Sunday, March 19, 2023

The Albums of 1973: Hawkwind: Space Ritual

 


Release Date: May 11, 1973

Members: Dave Brock (guitar); Nik Turner (saxophone, flute); Lemmy (bass, vocals); Dik Mik (electronics); Del Dettmar (synthesizer); Simon King (drums); Bob Calvert (vocals); Stacia (dancer and visual artist)

Produced by Hawkwind

Side One: Earth Calling; Born to Go; Down Through the Night; The Awakening

Side Two: Lord of Light; Black Corridor; Space is Deep; Electronic No. 1

Side Three: Orgone; Upside Down; 10 Seconds to Forever; Brainstorm

Side Four: Seven by Seven; Sonic Attack; Time We Left This World Today; Master of the Universe; Welcome to the Future

Hawkwind stood out as a unique voice in British rock during the 1970s incorporating elements of psychedelia, progressive rock, science fiction, and proto-punk.  Throw all these elements together and one gets "Space Rock." Sci-Fi writer Michael Moorcock often contributed lyrics for Hawkwind; their live performances were improvisational blending technology with poetry. They've built a daunting catalog over the decades (35 albums) with a rotating group of members. 

Hawkwind already released three studio albums prior to their genre defining 1973 live album Space Ritual taken from two concerts performed in December of 1972. The album begins with "Earth Calling," an aural track of spaceship sounds setting up the listener for what's to come. Then the hypnotic and sonic attack of "Born to Go," lyrically about escaping to space as a place to break boundaries, counterculture meets Sci-Fi:

We're breaking out of the shell
We're breaking free
We're hatching our dreams into reality

"Down Through the Night" continues with infectious bass riffs, imagining a space bound crew of immortals in a state of hypersleep. Another poem, "The Awakening" muses on the state of hypersleep and the new form humanity might take, "a clear century of space/away from earth." 

"Lord of Light" has Utopian visions of "from the realms beyond the sun," bass driven with a long saxophone solo. "Black Corridor" is another spaced themed poem, possibly inspired by 2001: A Space Odyssey. "Space is Deep" combines electric guitar, synth, and more space age poetics, "Electronic No. 1" serves as a synth interlude. 
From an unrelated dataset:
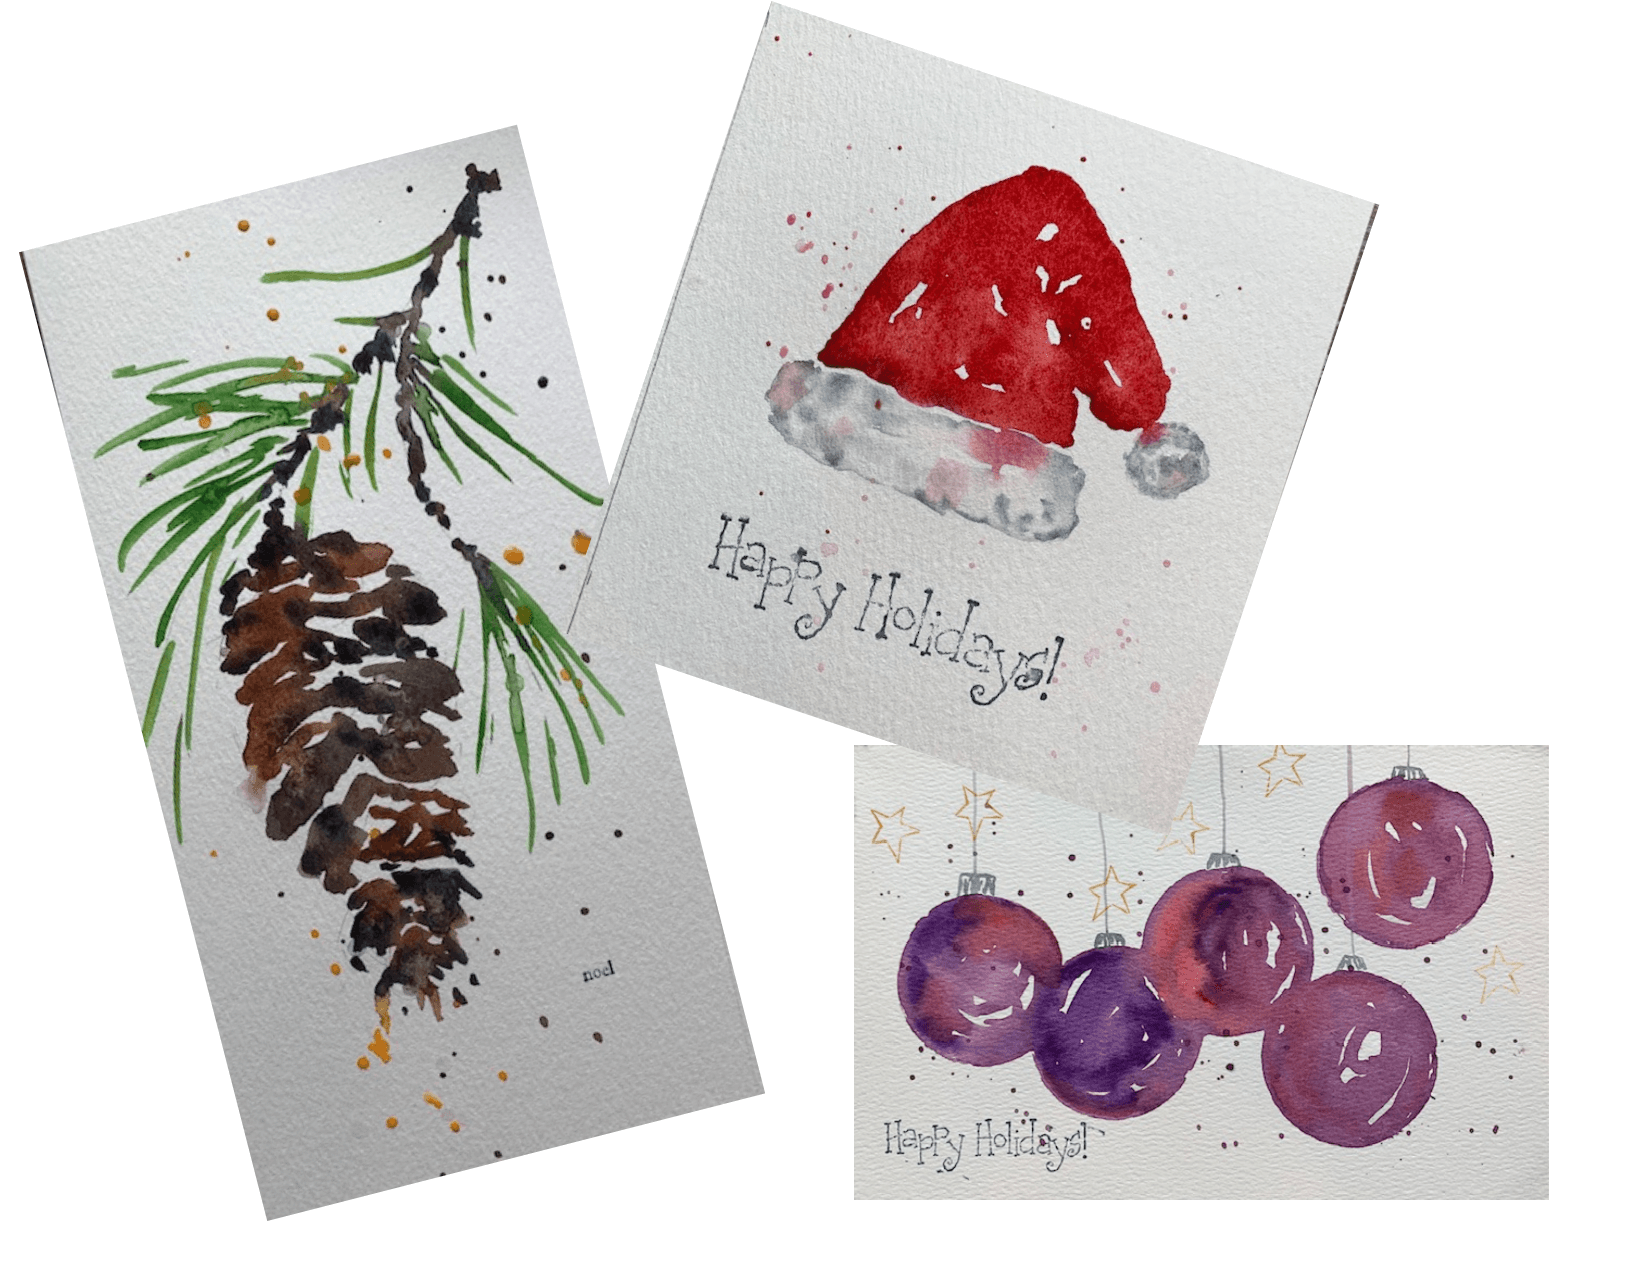 Three holiday cards are displayed. One has three hanging round holiday bulbs. One is of a Santa hat. And, one of a pine cone with needles and small stem
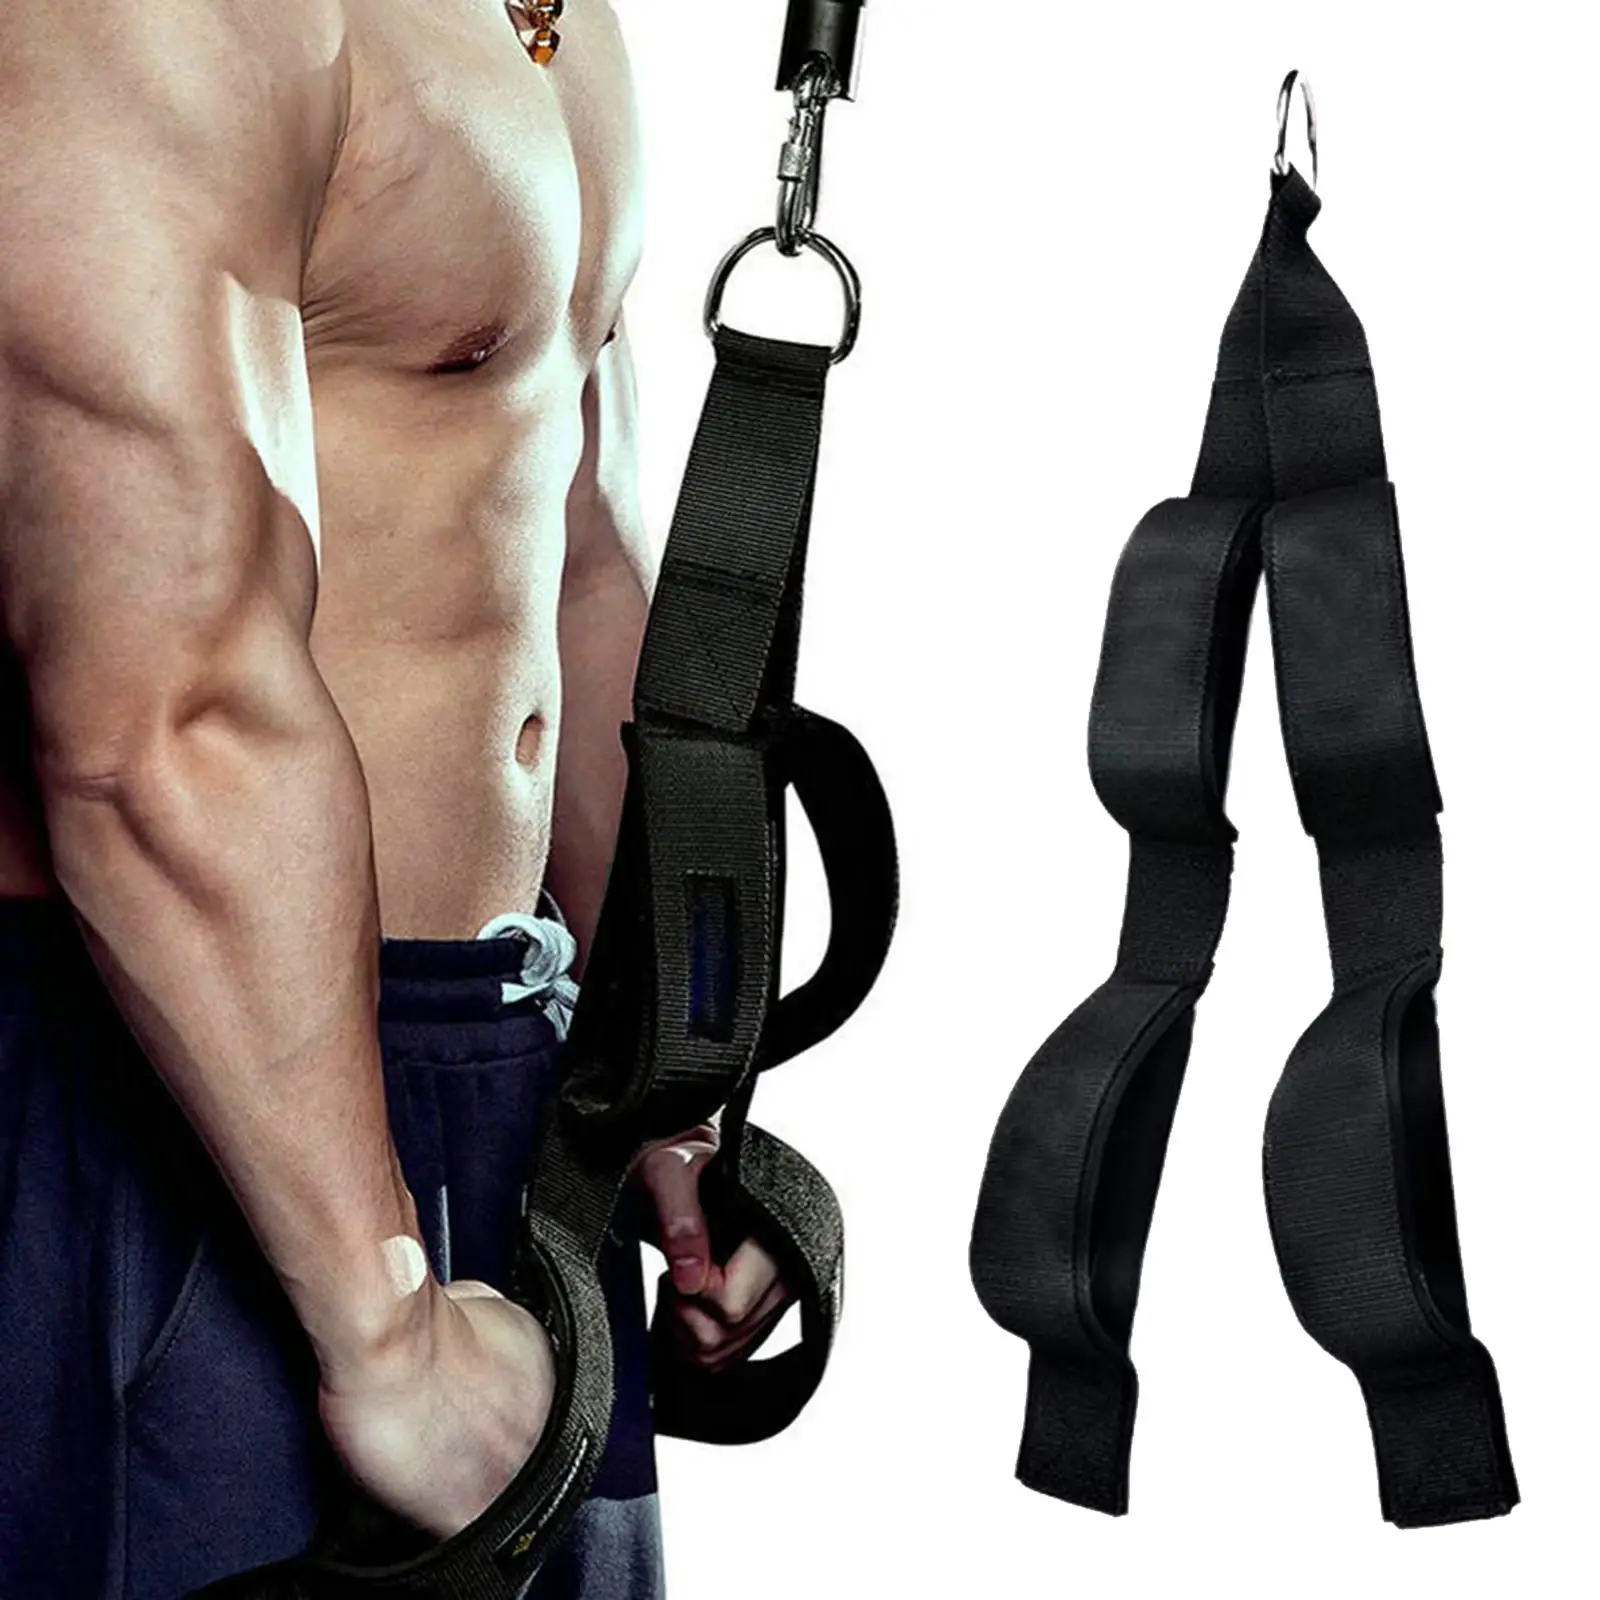 Tricep Rope Cable Attachment Pully for Strength Abdominal Training Workout

"Orgone Simulator" borders on industrial-psychedelia rock, the lyrics muse on a futuristic technology (virtual reality) that gives one a sense of omnipotence. "Upside Down" explores the disorienting haze of space travel, all distortion and ennui. Another spoken word track, "10 Seconds of Forever" imagines a space traveler looking back at their life.

"Brainstorm" is evocative of a paranoid astronaut with brooding lyrics about fears of being turned into a machine and losing one's humanity. Musically it's a rush of muscular electronic noise and ethereal landscapes with relentless powder keg drumming.

"Seven by Seven" is Wagnerian in scope and theme. Moorcock contributed verse for "Sonic Attack" a dark vision of space travel and potential future incarnations of humanity. A war song for the space age, "Time We Left This World Today" breaks into chants amidst an electric fog. Nietzsche type lyrics on "Master of the Universe" point the way towards a modern metal sound. "Welcome to the Future" was the final track on the 1973 release (reissues added more tracks) serves as a benediction of sorts from the future.

Space Ritual is a unique experience for those open to it. Hawkwind's aggressive and occasional melodic sound offers a splintered vision of the future. Galactic travel serves as both a means of escape and freedom but could also spell doom for humanity where it will lose itself in technology and repeat the mistakes of the past on a cosmic scale.